It’s so great that Americans are finally angry about the state of their country.
[print_link] But it’s beyond awful that all the wrong people are beside themselves for all the wrong reasons.
When I look at the tea party movement in America today, any number of words come to mind, most of which are not fit for print in a family newspaper. But, above all, I cannot help but be struck by the irony of it all.
It’s ironic, to begin with, that the ones who are bitching loudest today are precisely the people who created the mess we’re in.
We’re actually in a whole heaping helping lot of messes, but I’m referring principally to the economic one. I suspect that the rabble ranks of the tea party movement are populated by people who have equally bad politics on social matters and foreign policy issues. But – for different reasons – they don’t talk about those questions too much. Instead, they largely confine themselves to economic beefs, especially deficits.
These are conservatives, however – more properly labeled as regressives – and the astonishing irony here is that they’ve had their way with economic policy in this country for thirty years running. And, excuse me, but now they’re pissed off at the results?
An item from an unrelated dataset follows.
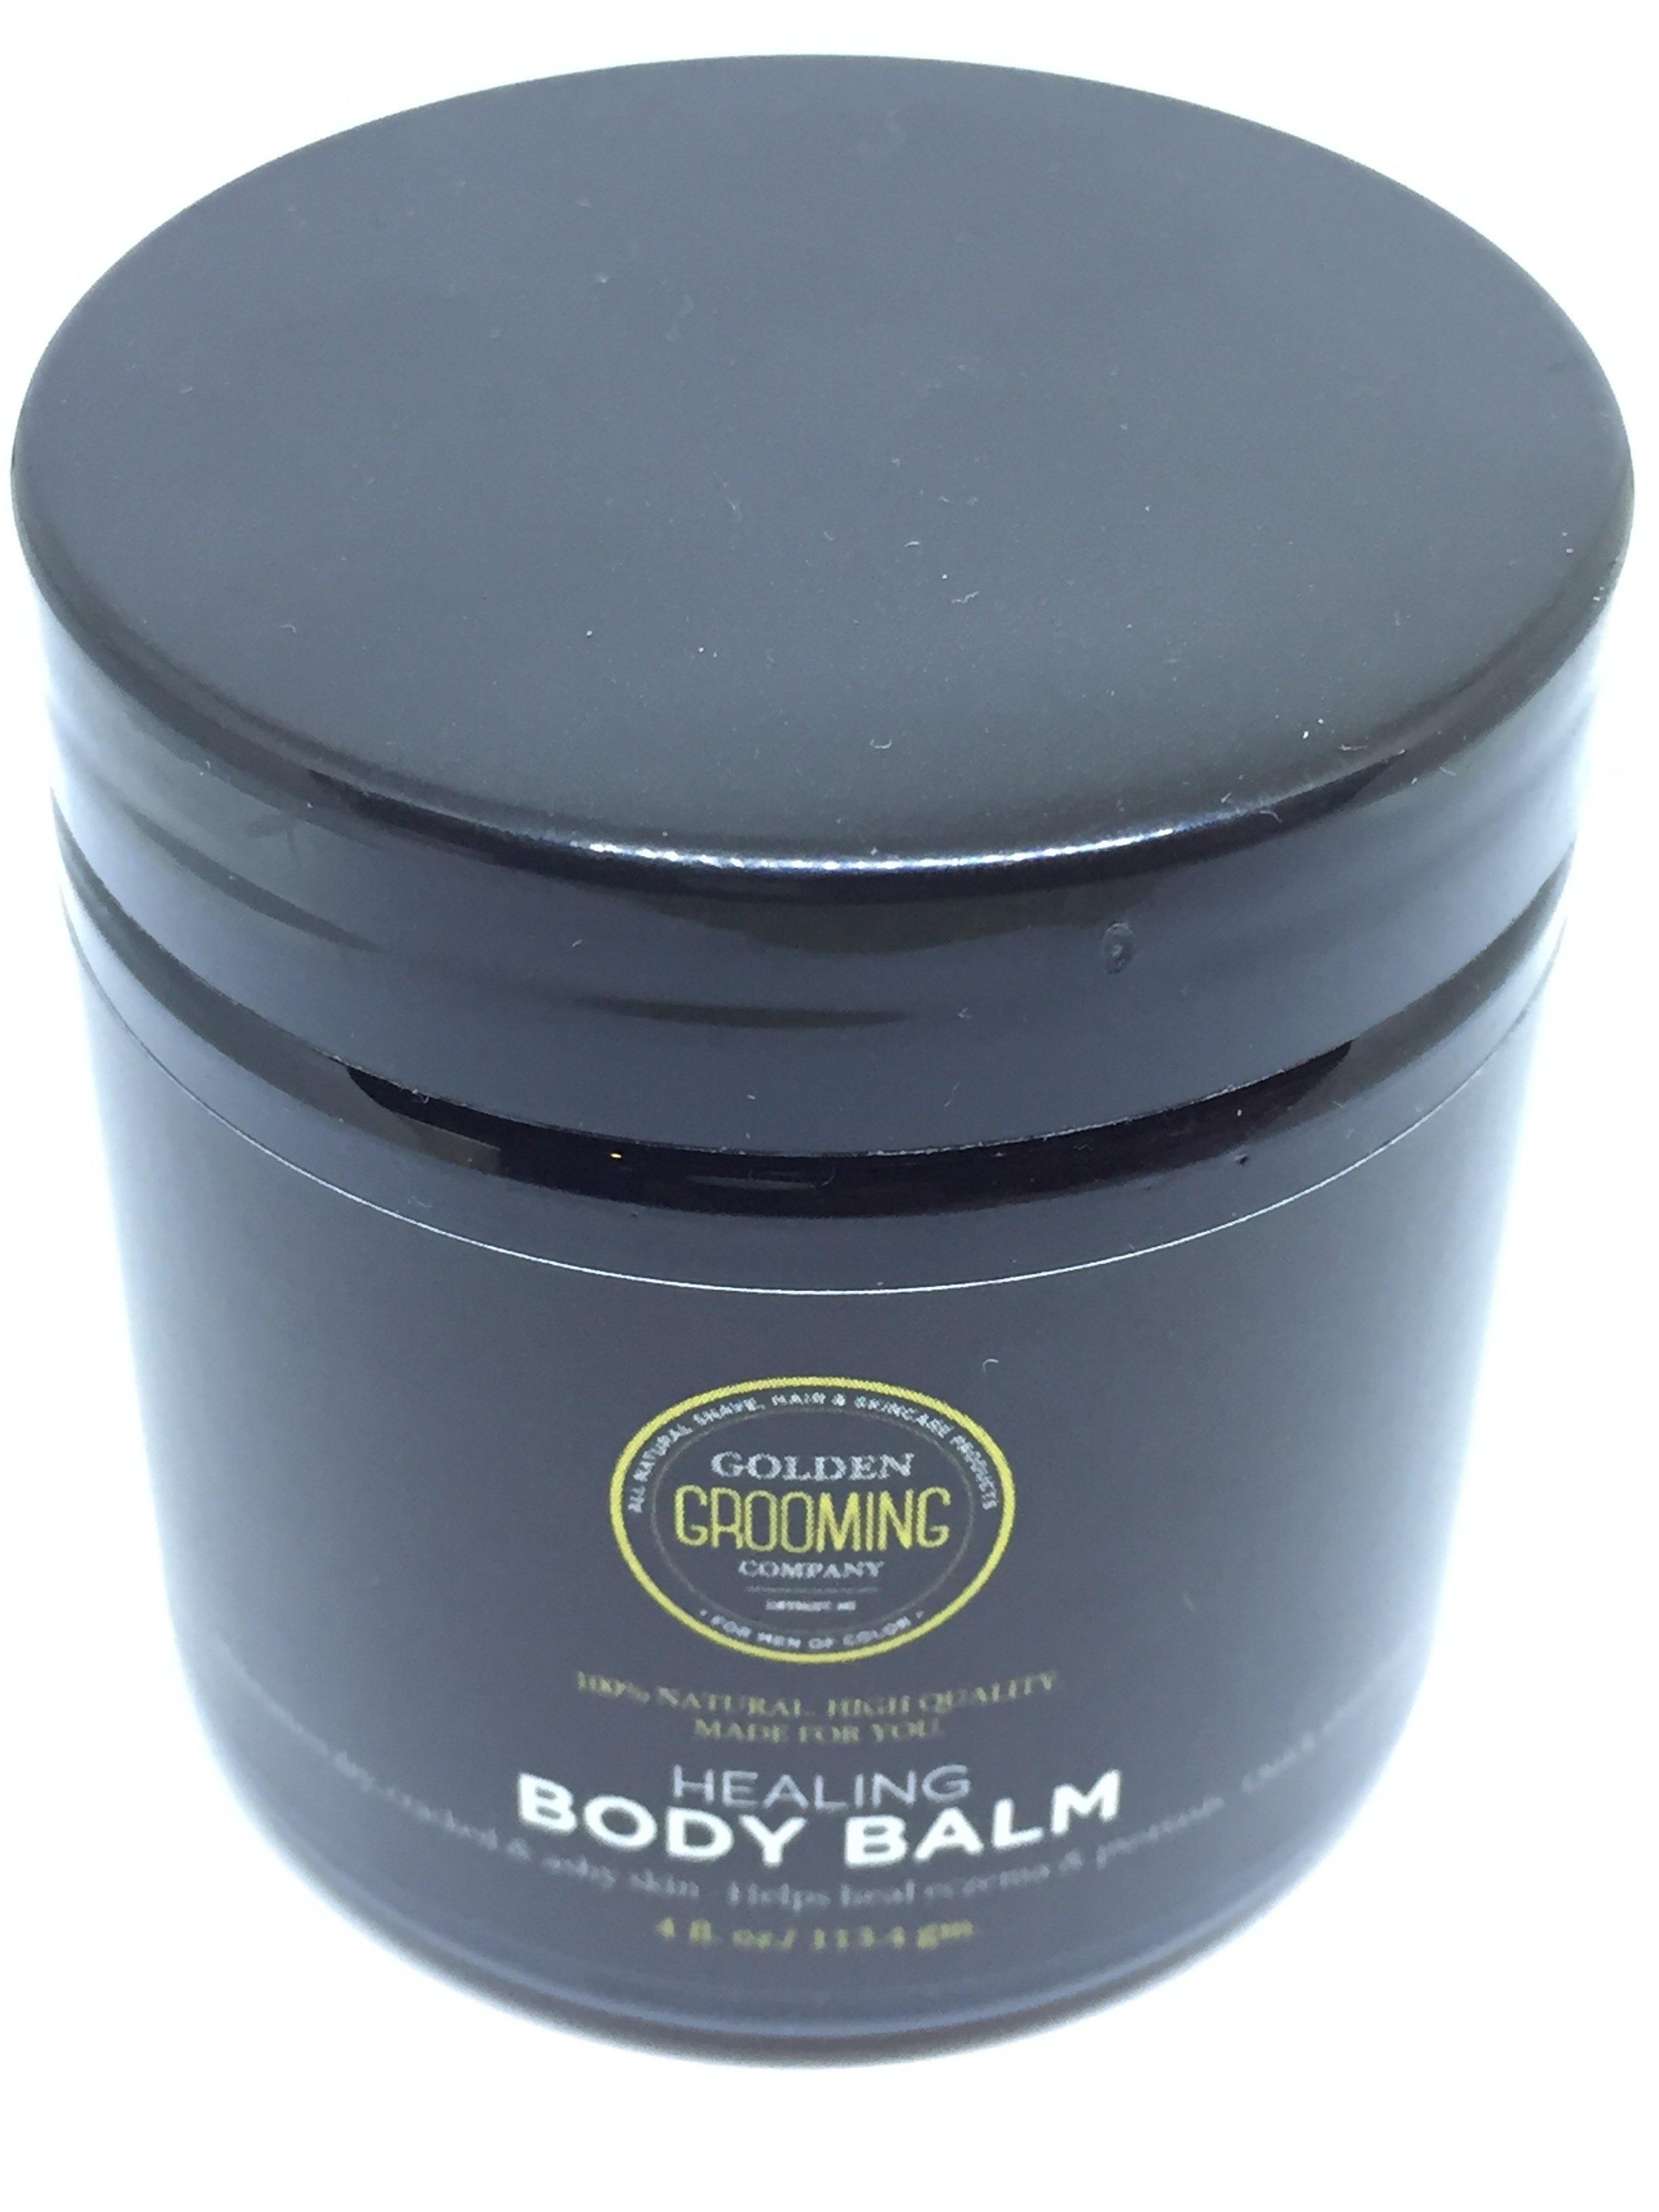 Golden Grooming Body Balm 00067

Think about it. Economic policy can be divided into a handful of key domains, including taxes, trade, labor relations, regulation, privatization, the budget and the welfare state. In every single one of these areas – with one partial exception – regressive policy choices have entirely predominated over the last generation. Only in the latter case of welfare state spending has that not been true, but even there only partially so.
On trade, previously existing barriers and protections for domestic industries have been eviscerated almost completely, so that for much of the world today, it’s a single market for products and capital. Labor? Not so much. What a shock, then, that America’s good jobs – especially in manufacturing – are now all located in Mexico. Or at least they were, until even those became too expensive and got moved to China and India and Vietnam. Smug Republican white collar workers thought they were immune from wealthy corporate masters cutting their legs off from underneath them. Now, when it’s too late, they stand in unemployment lines while someone in Bangalore does their job for a tenth of the pay. So how’s that whole free-tradey thing workin’ out for you now, people?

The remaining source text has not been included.